Behind him, kitties were playing, chasing each other and 
wrestling in the warm sunshine. 
It looked like so much fun, but in front of him, through 
the clear stillness of the pond's water, he could see his mommy. 
And she was crying. 
He pawed at the water, trying to get at her, and when 
that didn't work, he jumped into the shallow water. All that got him was wet and Mommy's image danced away in the ripples. 
"Mommy!" he cried. "Is something wrong?" The little orange boy turned 
around. 

A lady was standing at the edge of the pond, her eyes 
sad but filled with love. 
The little orange boy sighed and walked out of the water. 
"There's been a mistake," he said. "I'm not supposed to be here." 
He looked back at the water. 
It was starting to still again and his mommy's image was coming back. 
"I'm just a baby. Mommy said it had to be a mistake. She said I wasn't 
supposed to come here yet." The kind lady sighed and sat down on the grass. 
The little orange boy climbed into her lap. 
It wasn't Mommy's lap, but it was almost as good. 
When she started to pet him and scratch under his chin like he liked, he 
started to purr. He hadn't wanted to, but he couldn't help it. 
"I'm afraid there is no mistake. You are supposed to be 
here and your mommy knows it deep down in her heart," the lady said. 
The little orange boy sighed and laid his head on the lady's leg. 
"But she's so sad. It hurts me to see her cry. And daddy too." 
"But they knew right from the beginning this would happen." 
"That I was sick?" 

That surprised the little orange boy. 
No one had ever said anything and he had listened when 
they thought he was sleeping. 
All he had heard them talk about was how cute he was, or 
how fast he was or how big he was getting. 
"No, not that you were sick," the lady said. 
"But you see, they chose tears." 
"No, they didn't," the little orange boy argued. Who would choose to cry? 
The lady gently brushed the top of his head with a kiss. 
It made him feel safe and loved and warm - but he still worried about his mommy. 

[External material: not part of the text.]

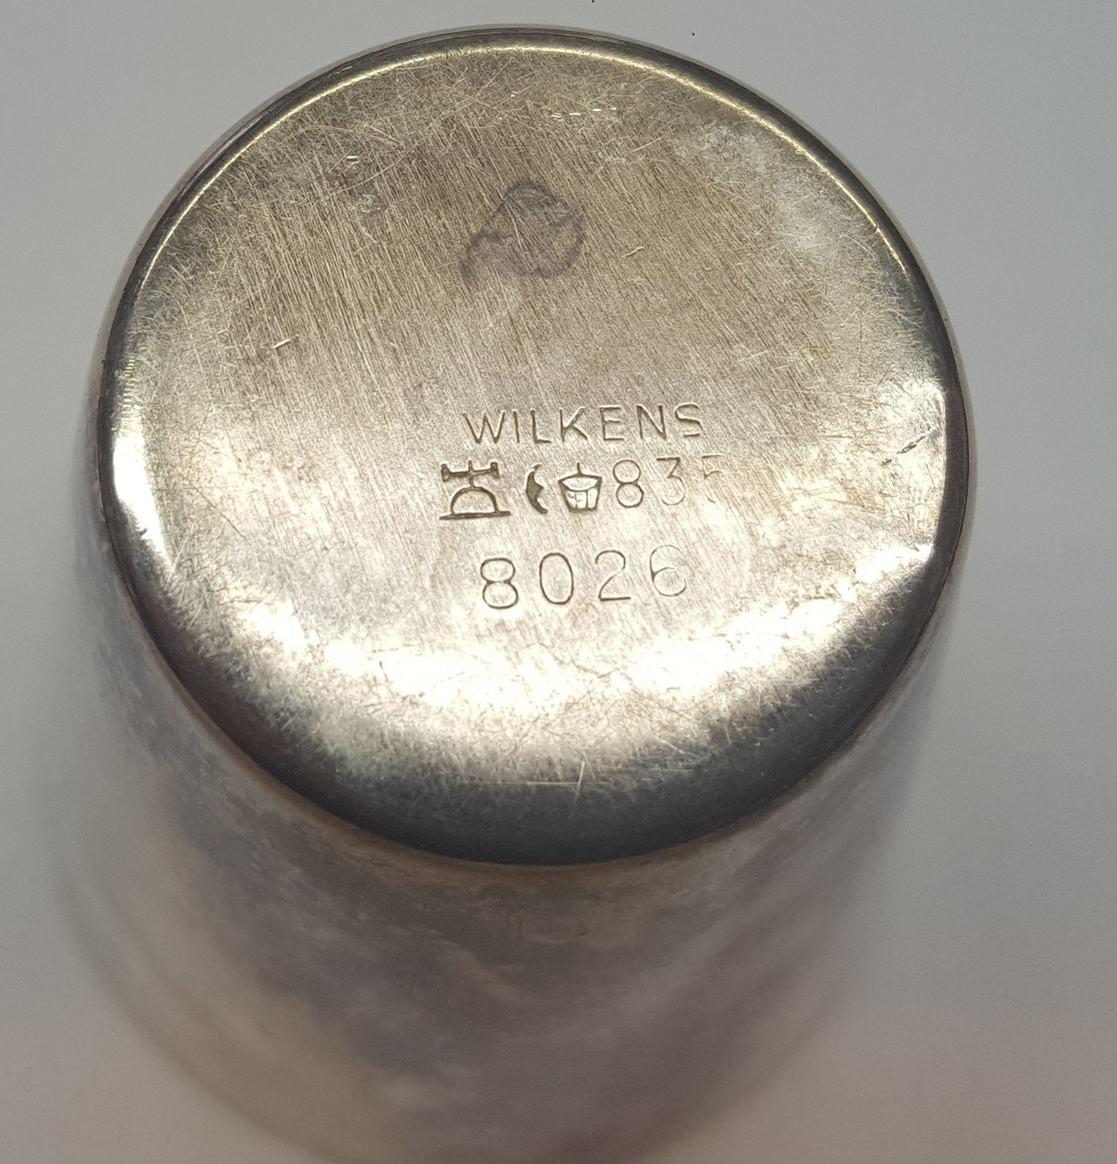 Becher Schnapsbecher Mod 7836 Wilkens 925er Sterling Silber

"Let me tell you a story," the lady said. 
The little orange boy looked up and saw other animals gathering around. 
Cats - Big Boy and Snowball and Shamus and Abby and little Cleo and Robin. 
Merlin and Toby and Iggy and Zachary. Sweetie and Kamatte and OBie. 
Dogs too- Sally and Baby and Morgan and Rocky and Belle. 
Even a lizard named Clyde and some rats named Saffron and 
Becky and a hamster named Odo. 
They all lay down near the kind lady and looked up at her, waiting. 
She smiled at them and began: 

A long long time ago, the Loving Ones went to the Angel 
in Charge. They were lonesome and asked the Angel to help them. 
The Angel took them to a wall of windows and let them 
look out the first window at all sorts of things - dolls and stuffed 
animals and cars and toys and sporting events. "Here are things 
you can love," the Angel said. "They will keep you from being lonesome." 
"Oh, thank you," the Loving Ones said. "These are just what we need." 
"You have chosen Pleasure," the Angel told them. 

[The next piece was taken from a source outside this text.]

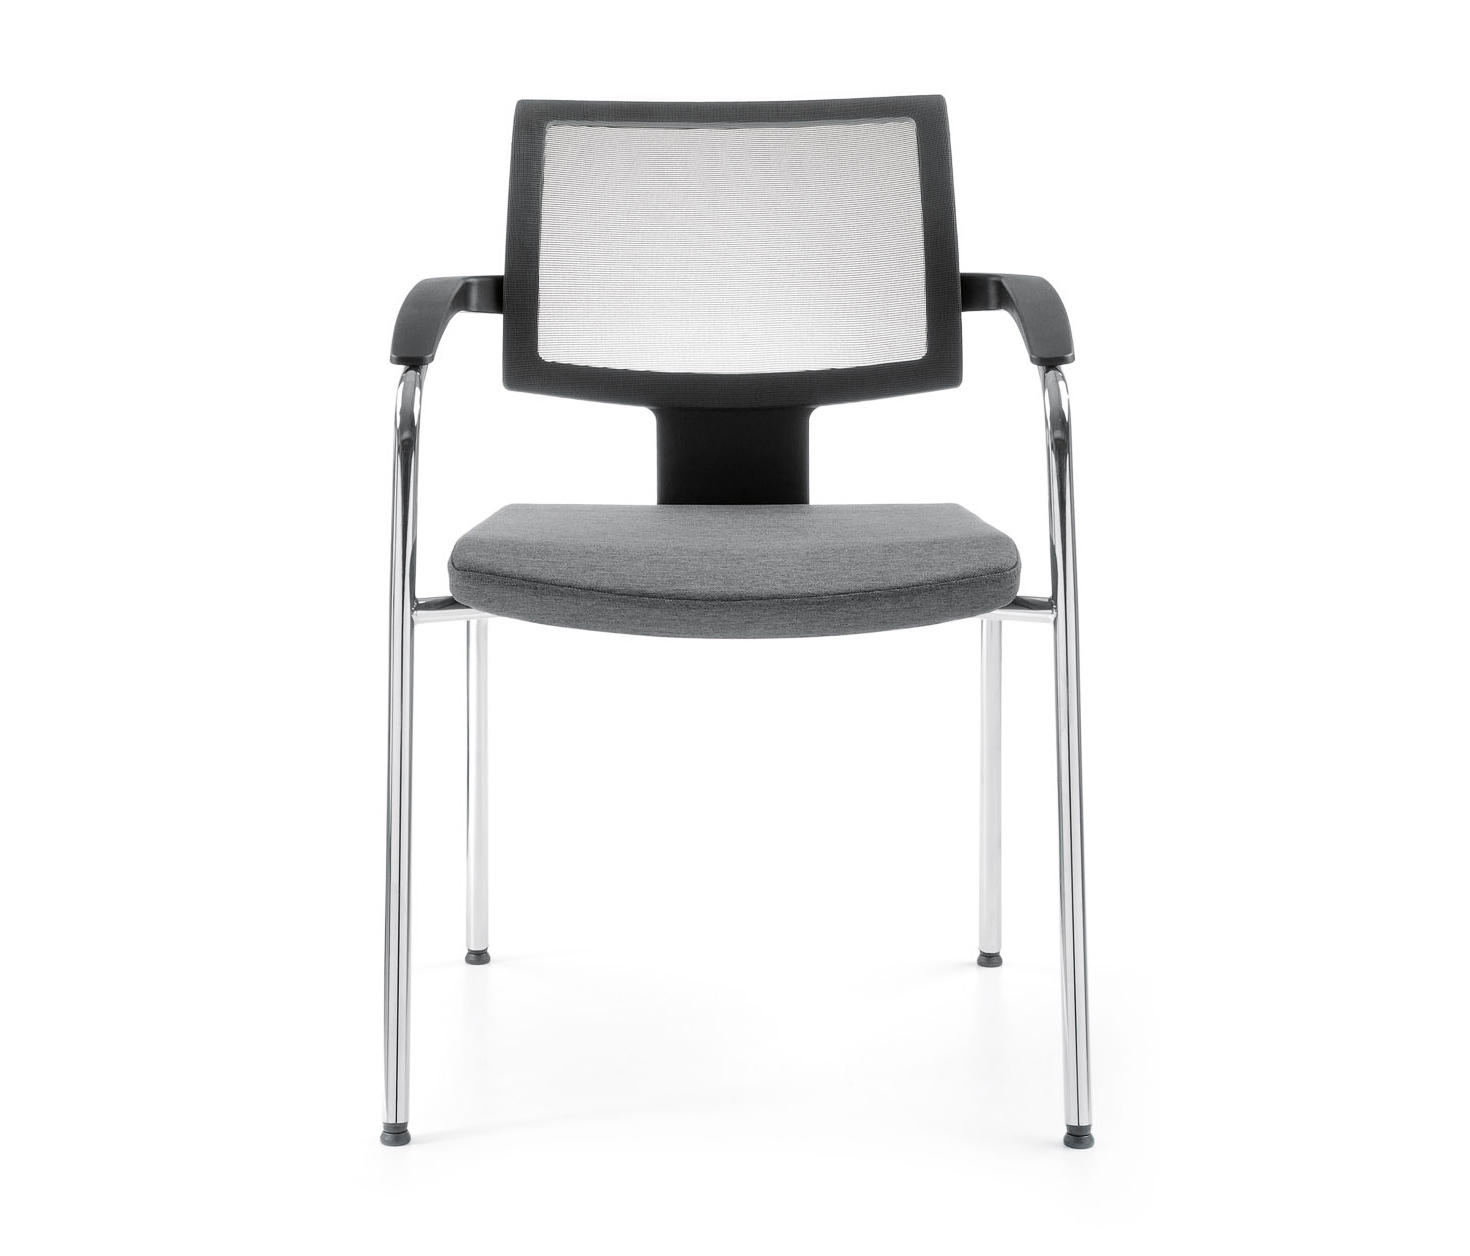 xenon net 20h besucherst hle von profim architonic. Black Bedroom Furniture Sets. Home Design Ideas

But after a time the Loving Ones came back to the Angel in Charge. 
"Things are okay to love," they said. "But they don't care that we love them." 
The Angel in Charge led them over to the second window. It looked out at all sorts of wild animals. "Here are animals to love," he said. "They will know you love them." 
So the Loving Ones hurried out to care for the wild 
animals. "You have chosen Satisfaction," the Angel said. 

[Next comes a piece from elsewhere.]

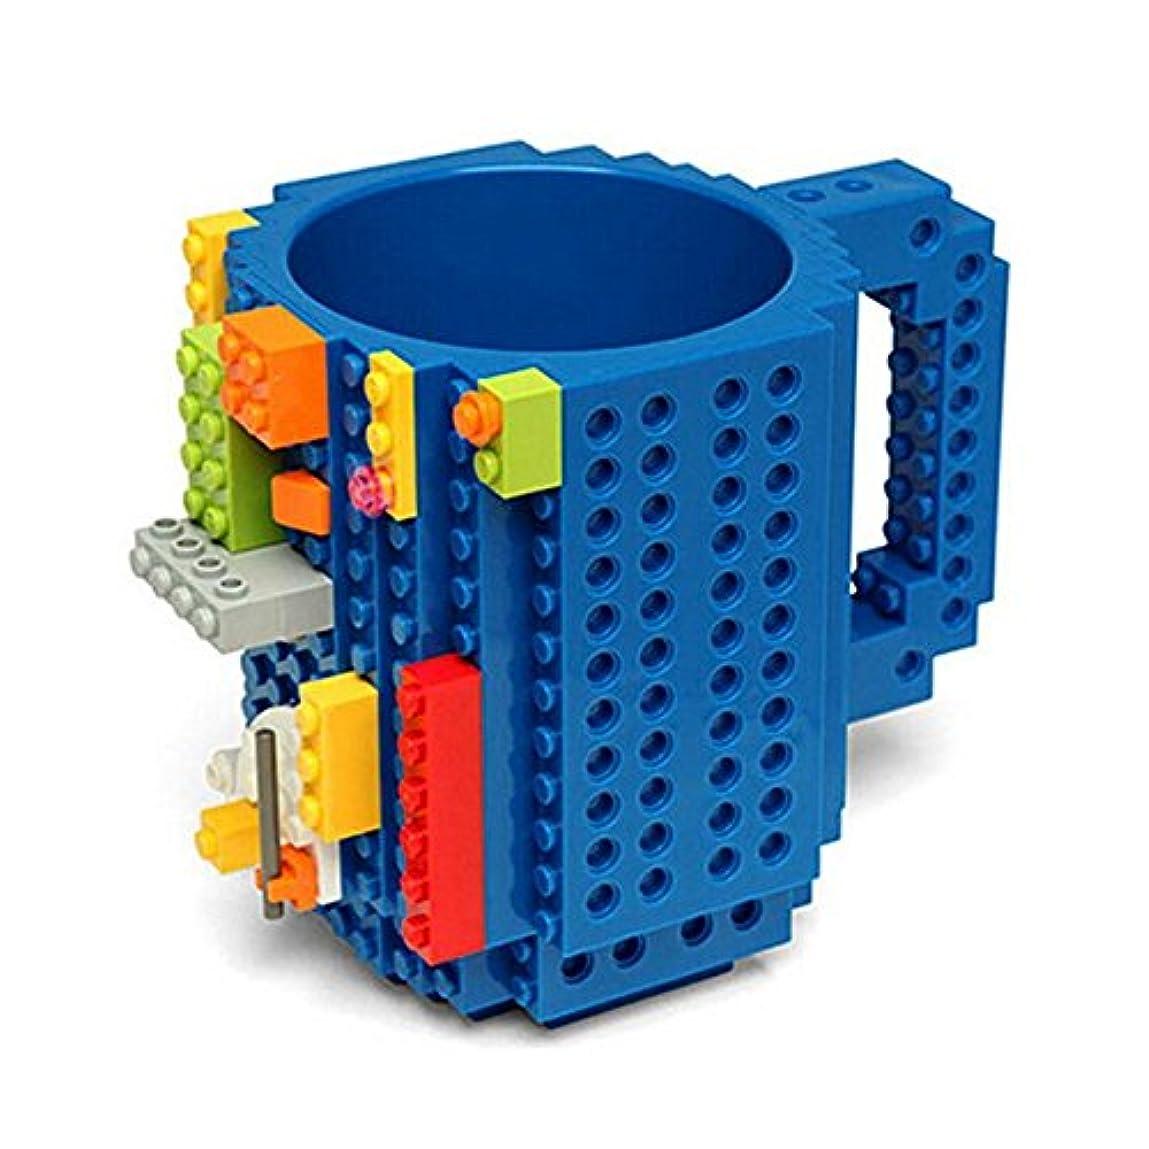 技術的なオリエント自治Maxcrestas - 350ML DIY?ビルディング?ブロックのカップレンガコーヒーティーカップ凍った水のドリンクカップDIYブロックパズルシッククリエイティブホームDrinkwares

Some of the Loving Ones worked at zoos and wild animal 
preserves, some just had bird feeders in their yards, but after a time they 
all came back to the Angel in Charge. 
"They know we love them," they told the Angel. "But they don't love us back. We want to be loved in return." 
So the Angel took them to the third window and showed 
them lots of people walking around, hurrying places. 
"Here are people for you to love," the Angel told them. 
So the Loving Ones hurried off to find other people to love. 
"You have chosen Commitment," the Angel said. 

But after a time a lot of Loving Ones came back to the 
Angel in Charge. 
"People were okay to love," they said. "But sometimes 
they stopped loving us and left. They broke our hearts." 
The Angel just shook his head. "I cannot help you," he said. 
"You will have to be satisfied with the choices I gave you." 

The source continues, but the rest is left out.